**EXERCISE OBJECTIVE**
Using the listing below, please print exactly the lines from the one with "Ryan Reynolds and" through the one with "ABC Warehouse BLACK". Leave out every picture.

**EXERCISE INPUTS**
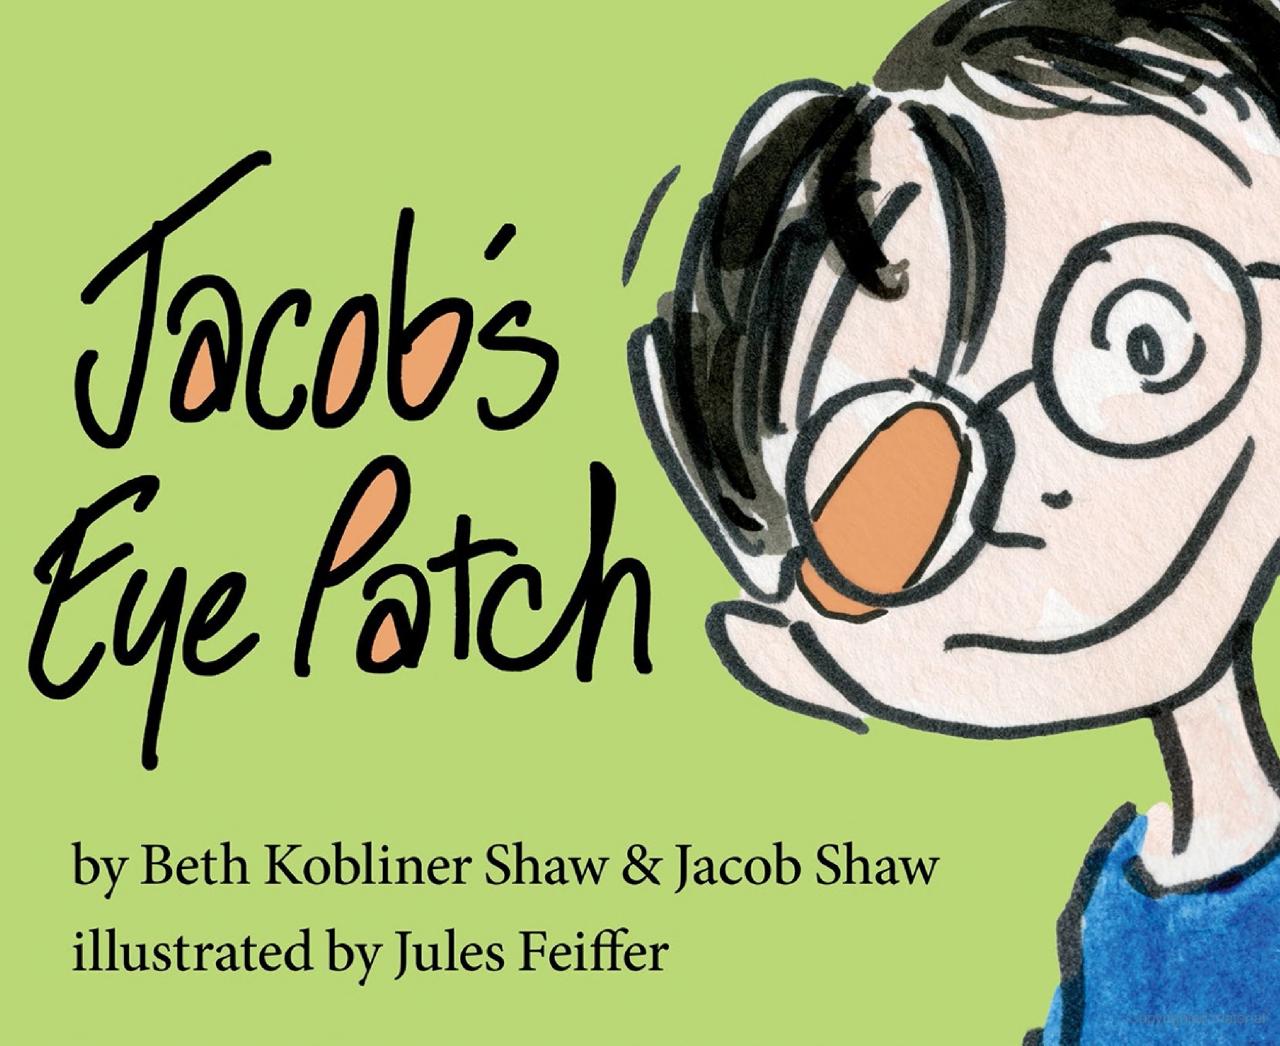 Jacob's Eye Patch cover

==

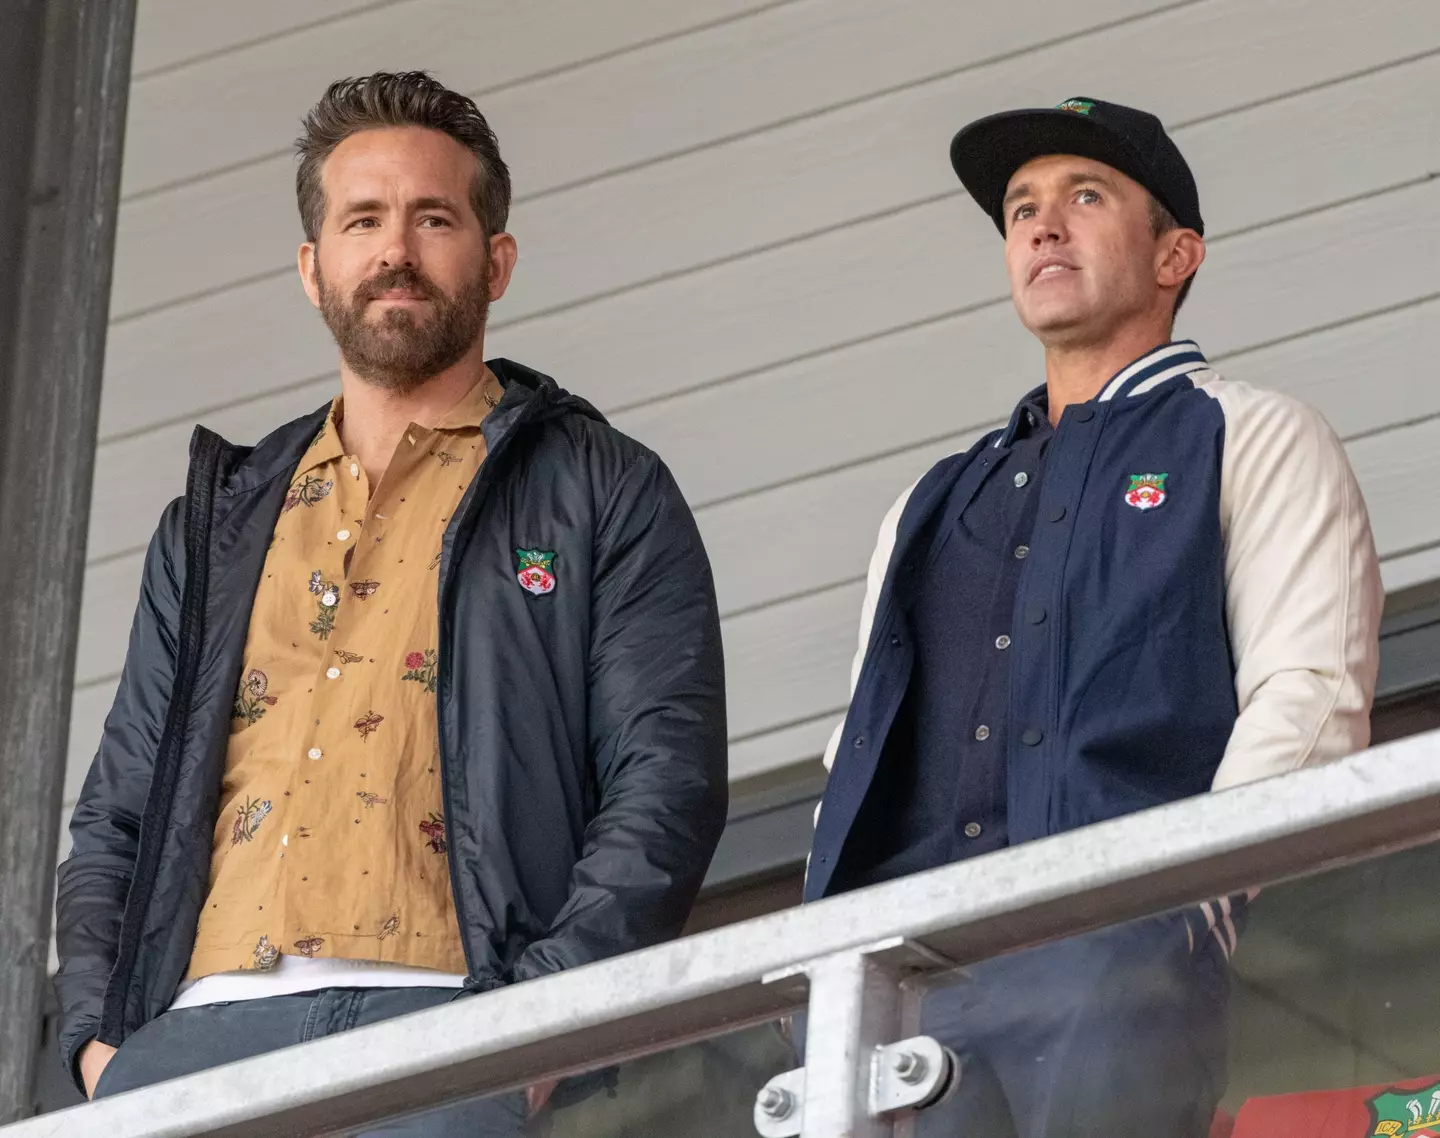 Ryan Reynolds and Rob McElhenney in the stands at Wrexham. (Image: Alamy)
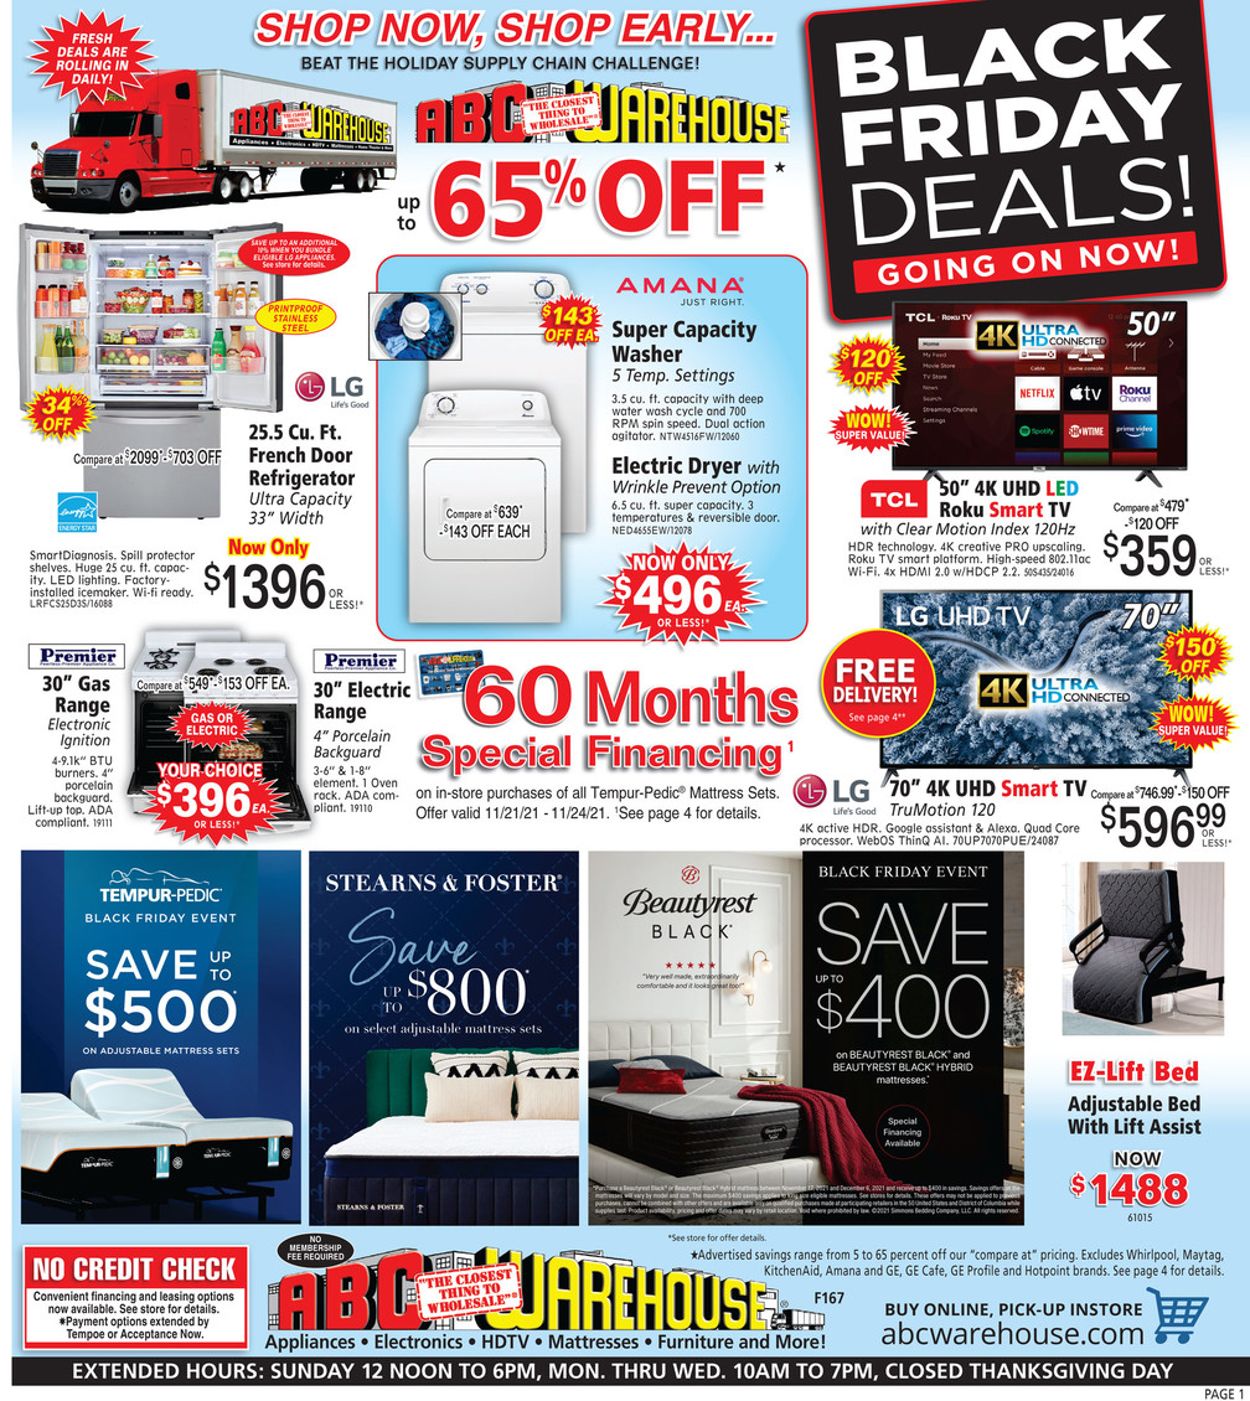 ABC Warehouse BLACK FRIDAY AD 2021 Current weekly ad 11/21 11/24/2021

**RESULT**
 Ryan Reynolds and Rob McElhenney in the stands at Wrexham. (Image: Alamy)
 ABC Warehouse BLACK FRIDAY AD 2021 Current weekly ad 11/21 11/24/2021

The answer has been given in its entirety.